*DATA FOR THE TASK*

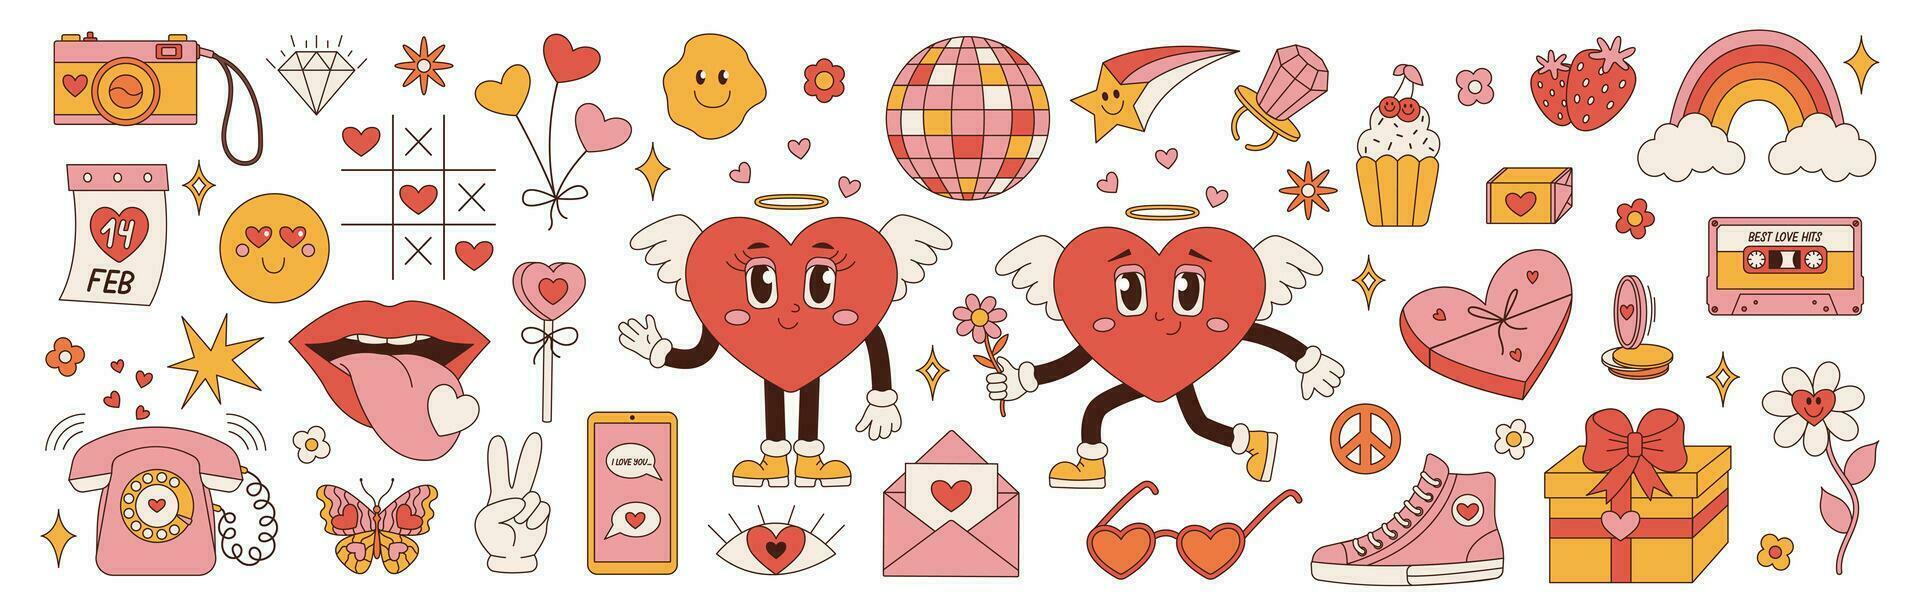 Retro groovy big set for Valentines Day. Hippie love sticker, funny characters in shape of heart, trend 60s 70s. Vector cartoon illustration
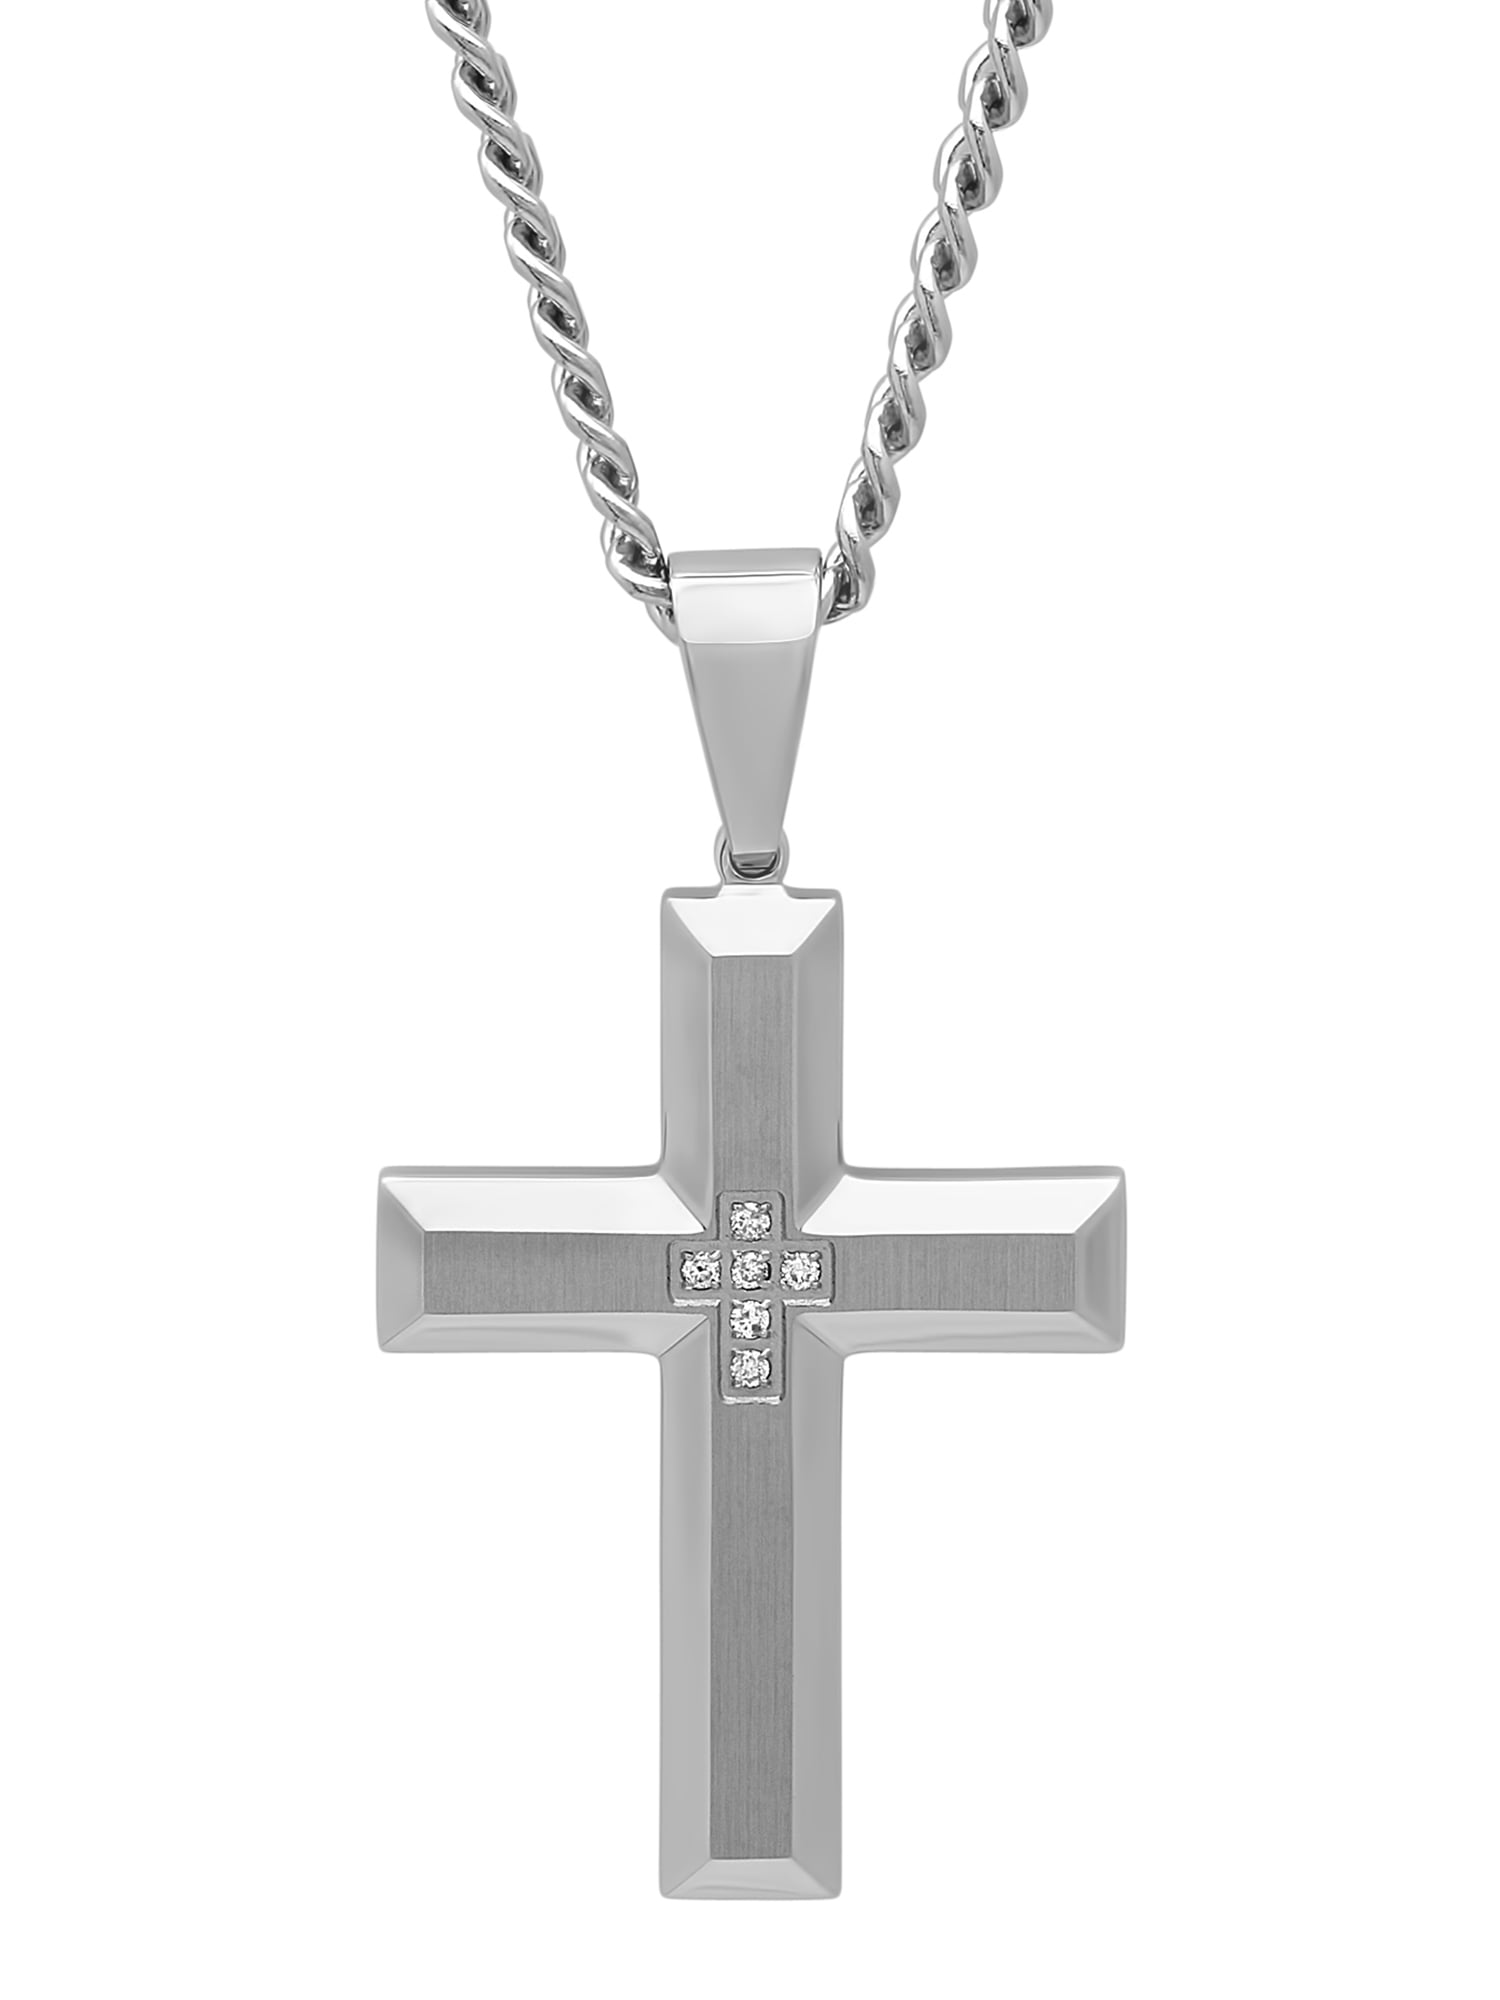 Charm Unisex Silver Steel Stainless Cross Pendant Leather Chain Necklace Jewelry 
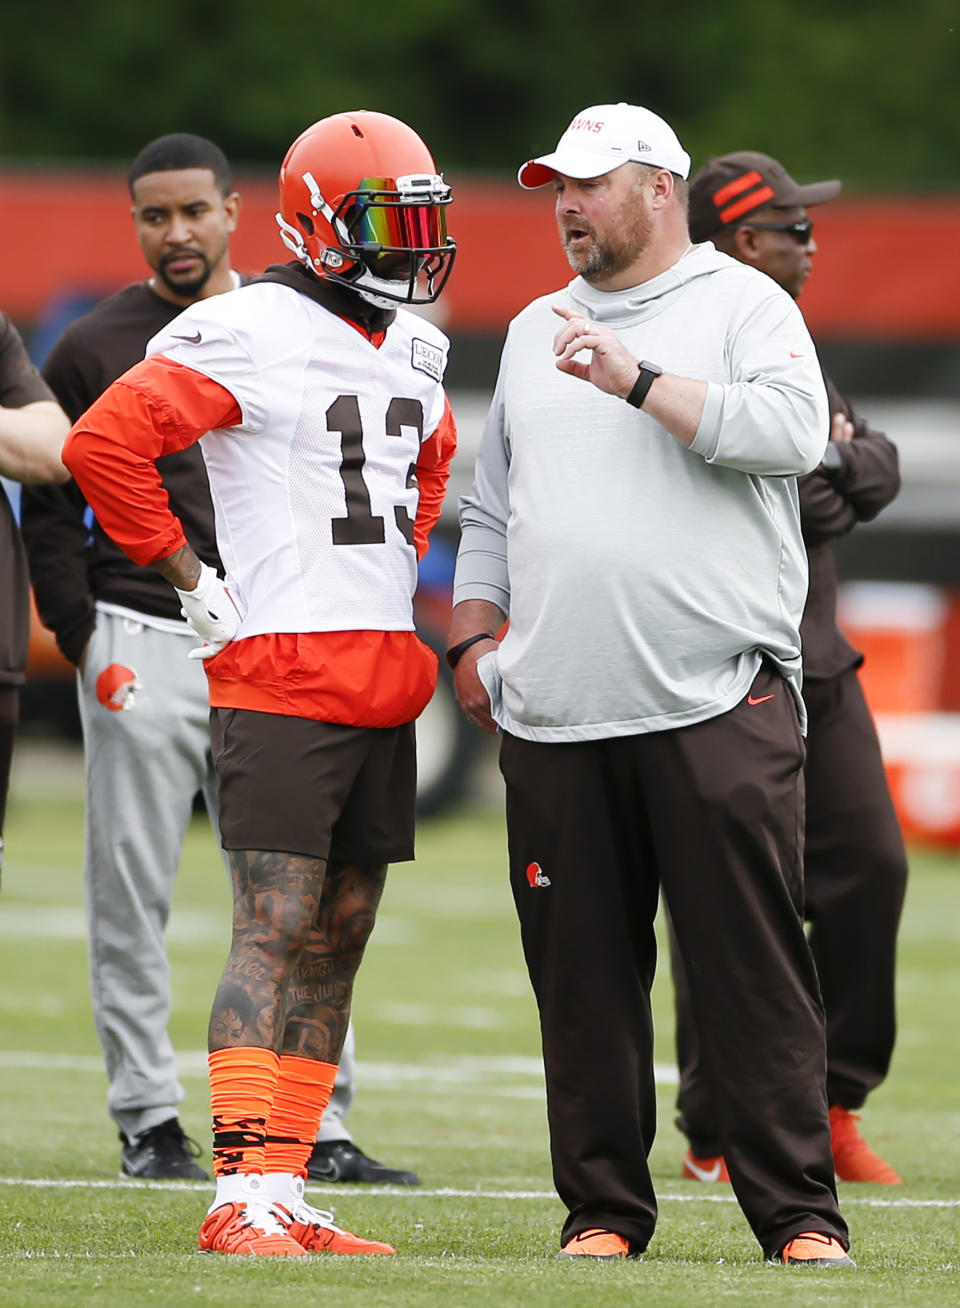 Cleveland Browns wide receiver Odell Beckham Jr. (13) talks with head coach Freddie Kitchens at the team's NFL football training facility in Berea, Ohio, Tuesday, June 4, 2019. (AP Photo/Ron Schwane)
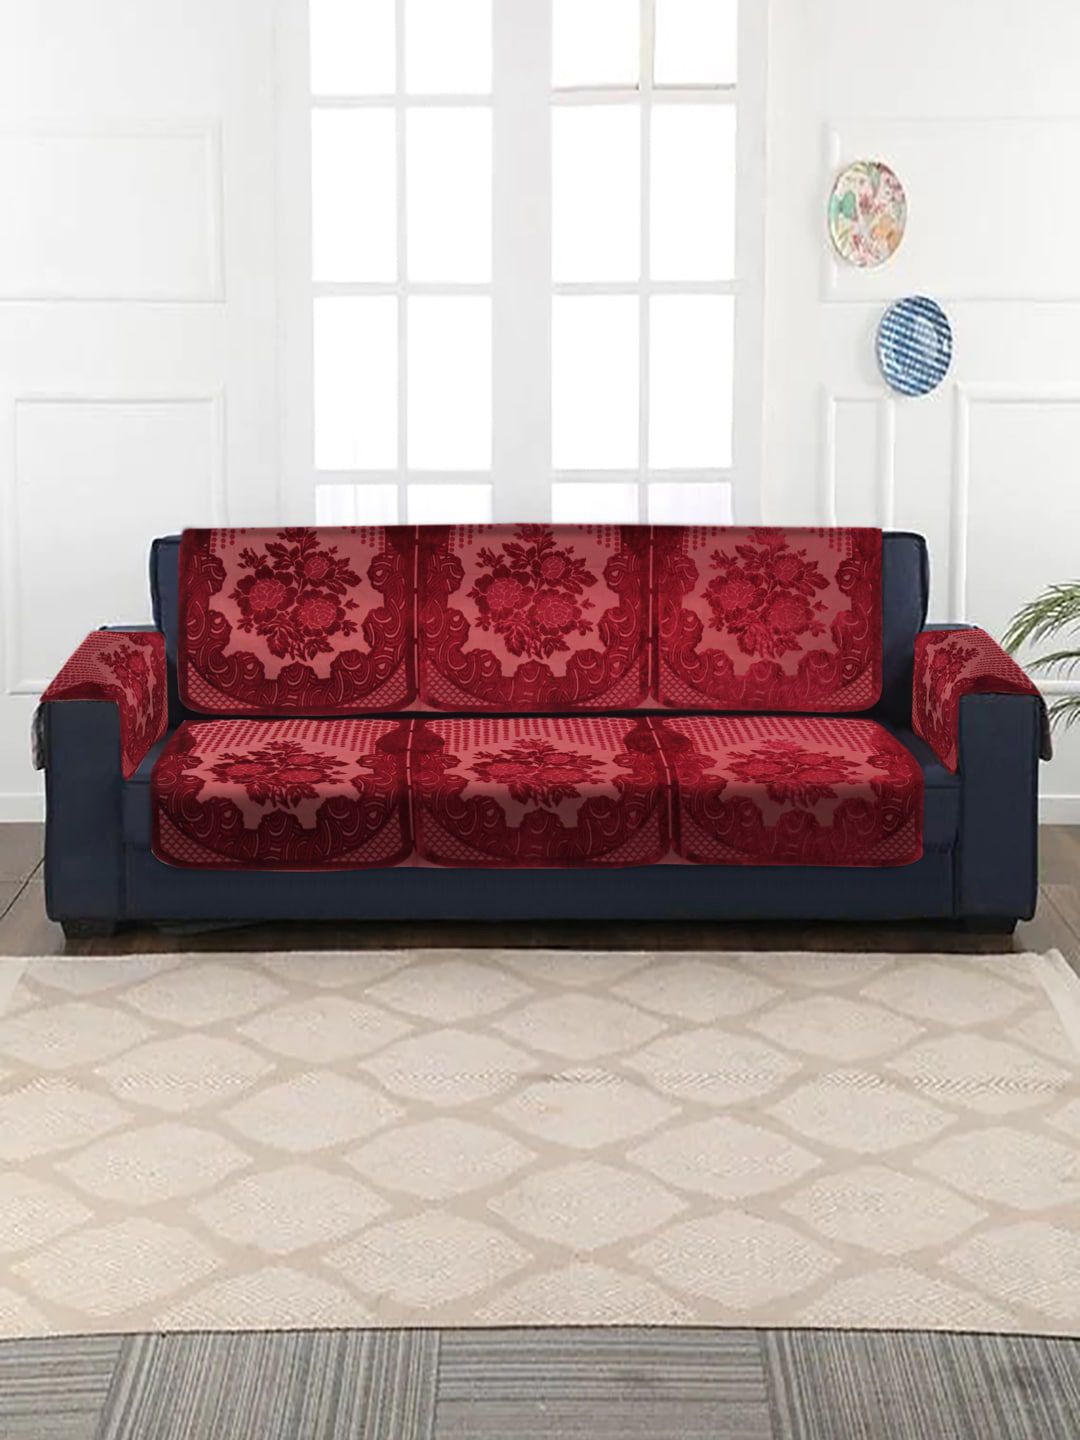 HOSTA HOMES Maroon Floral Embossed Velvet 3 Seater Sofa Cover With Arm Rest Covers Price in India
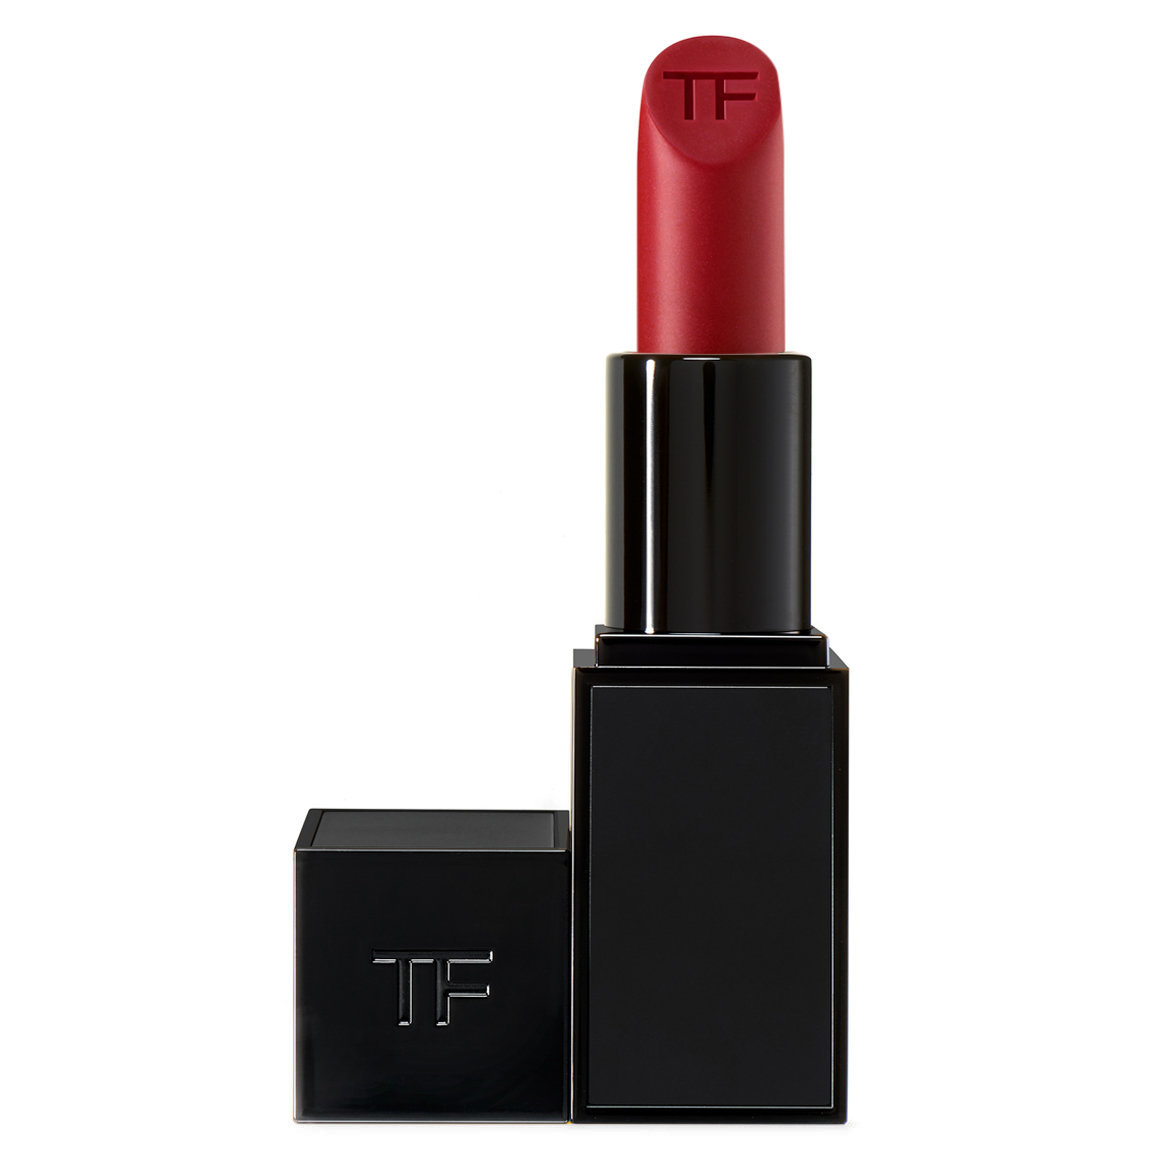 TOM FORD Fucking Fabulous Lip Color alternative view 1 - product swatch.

*TASK TO COMPLETE*
Return the data above in its exact wording, with none of the pictures.

*SOLVED PROBLEM*
 Retro groovy big set for Valentines Day. Hippie love sticker, funny characters in shape of heart, trend 60s 70s. Vector cartoon illustration
 Charm Unisex Silver Steel Stainless Cross Pendant Leather Chain Necklace Jewelry 
 Cleveland Browns wide receiver Odell Beckham Jr. (13) talks with head coach Freddie Kitchens at the team's NFL football training facility in Berea, Ohio, Tuesday, June 4, 2019. (AP Photo/Ron Schwane)
 HOSTA HOMES Maroon Floral Embossed Velvet 3 Seater Sofa Cover With Arm Rest Covers Price in India
 TOM FORD Fucking Fabulous Lip Color alternative view 1 - product swatch.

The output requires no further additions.